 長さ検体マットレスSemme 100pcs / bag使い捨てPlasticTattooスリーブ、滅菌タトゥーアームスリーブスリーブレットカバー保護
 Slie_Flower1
+ + + + +
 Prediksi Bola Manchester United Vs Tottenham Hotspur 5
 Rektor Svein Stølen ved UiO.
+ + + + +
• What to work on:
Write down again, exactly as given, only the lines above that fall from the line with "Prediksi Bola Manchester" to the line with "Rektor Svein Stølen ved UiO.", inclusive.

• Answer to this task:
 Prediksi Bola Manchester United Vs Tottenham Hotspur 5
 Rektor Svein Stølen ved UiO.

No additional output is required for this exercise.